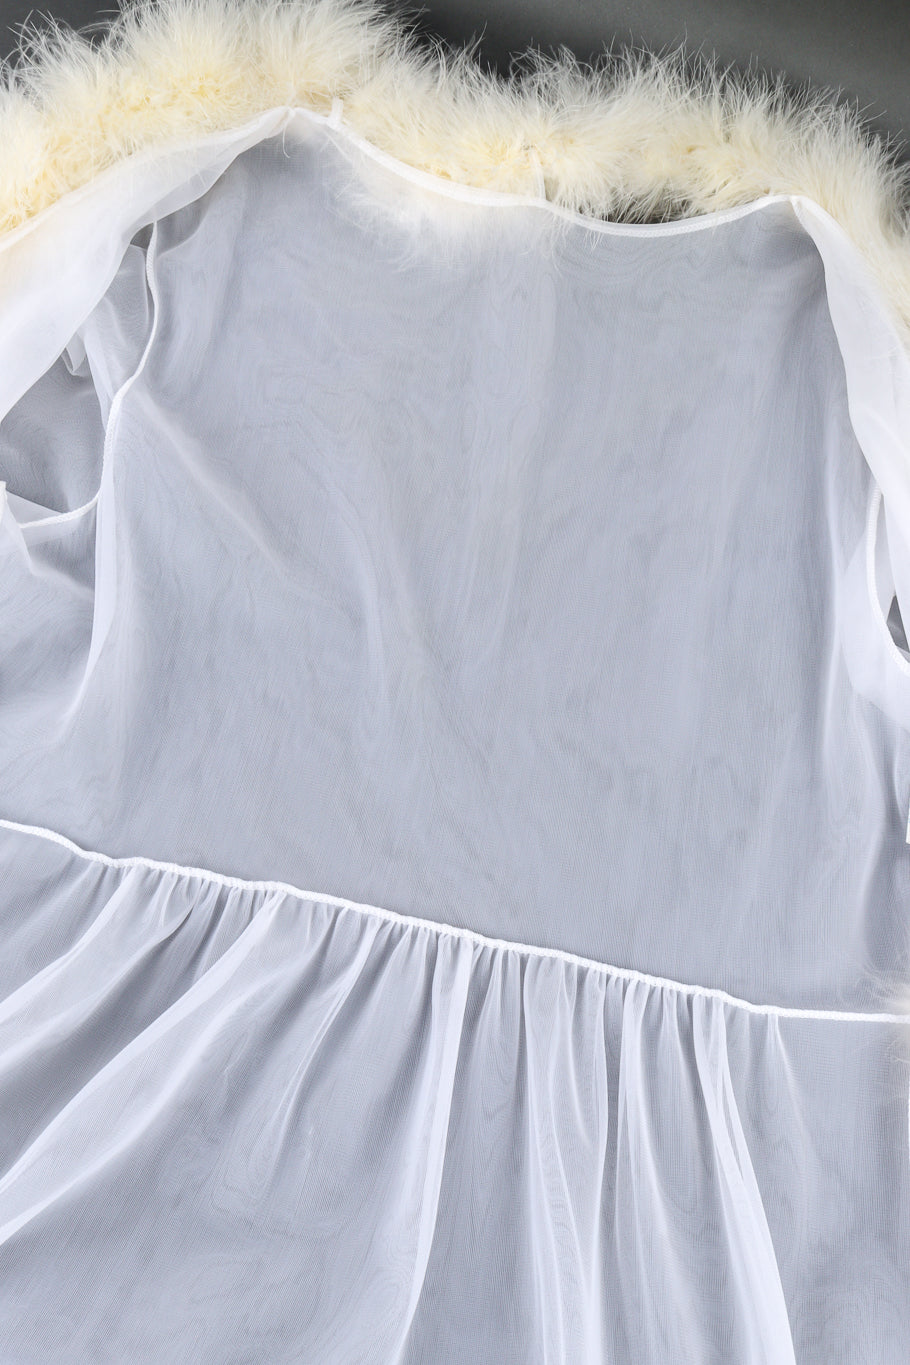 Vintage Sears Marabou Trim Robe & Nightgown Set robe interior @recess la
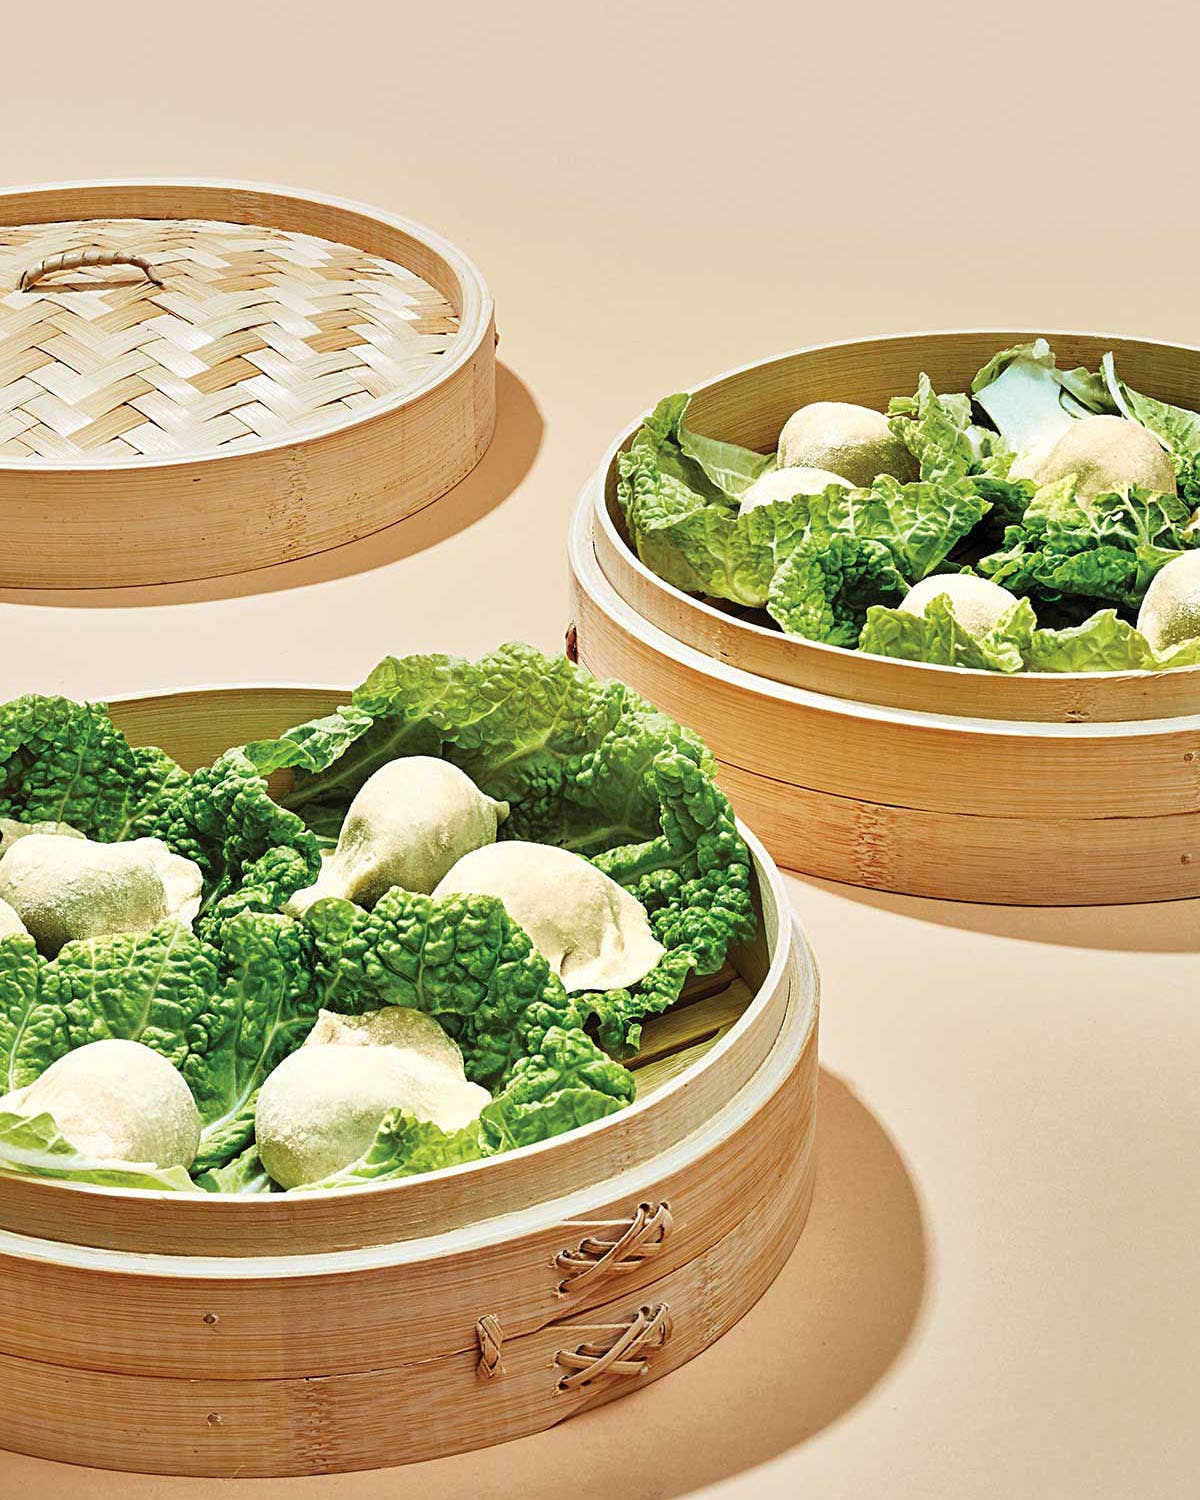 The Best Way to Improve Homemade Dumplings? A Bamboo Steamer
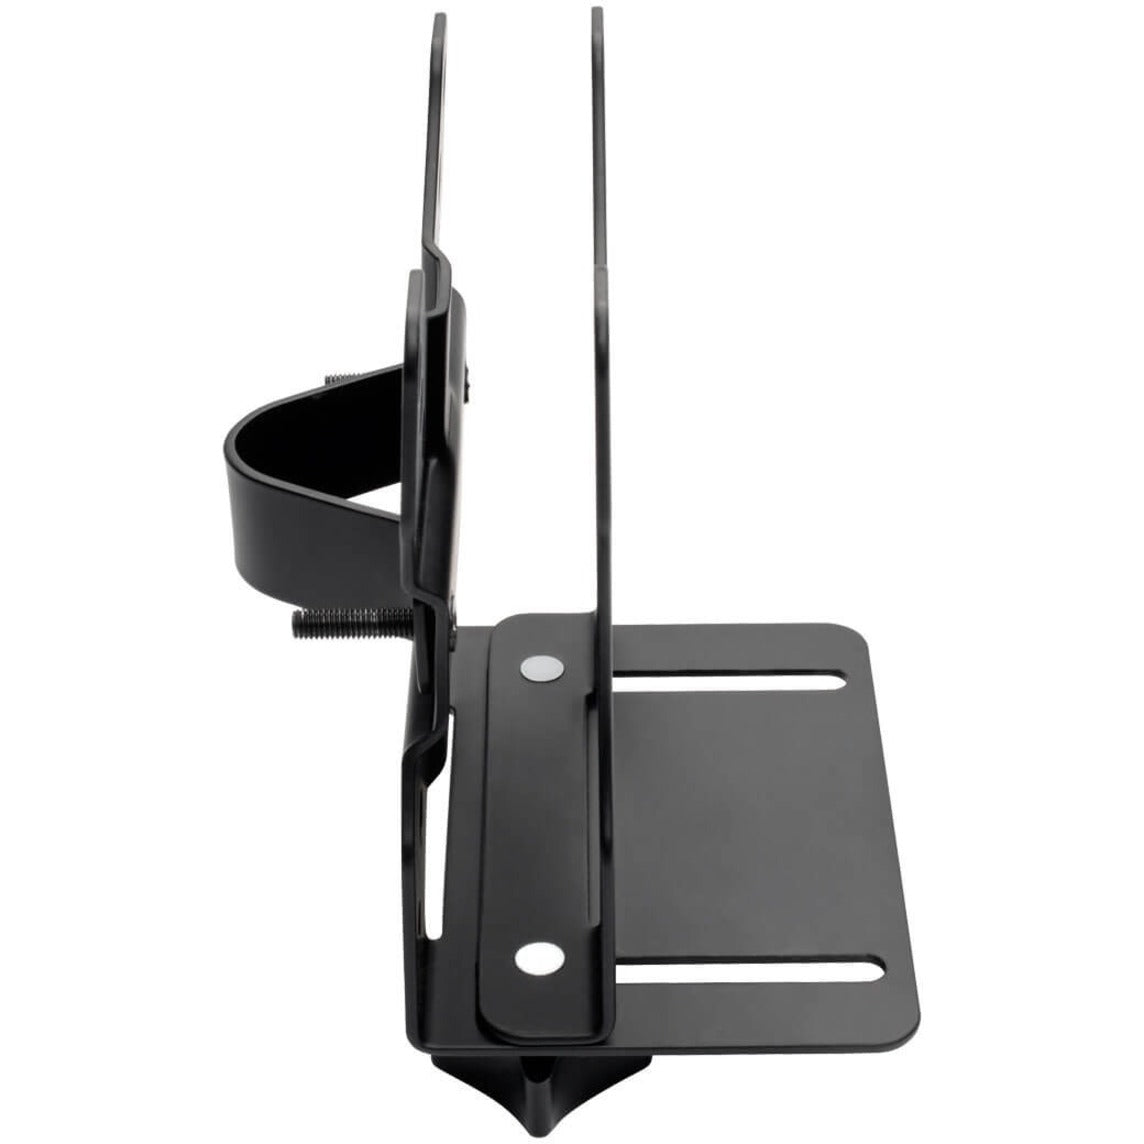 Tripp Lite DMATC Universal Thin Client Monitor Mount, Mounting Adapter Kit, 11.02 lb Maximum Load Capacity, Black Powder Coat

★ ★ ★ ★ ★ ★ ★

• [Your assignment]:
Every line above is to be written out unchanged, with the pictures omitted.

• [Finished exercise]:
 Vintage Sears Marabou Trim Robe & Nightgown Set robe interior @recess la
 The Best Way to Improve Homemade Dumplings? A Bamboo Steamer
 Tripp Lite DMATC Universal Thin Client Monitor Mount, Mounting Adapter Kit, 11.02 lb Maximum Load Capacity, Black Powder Coat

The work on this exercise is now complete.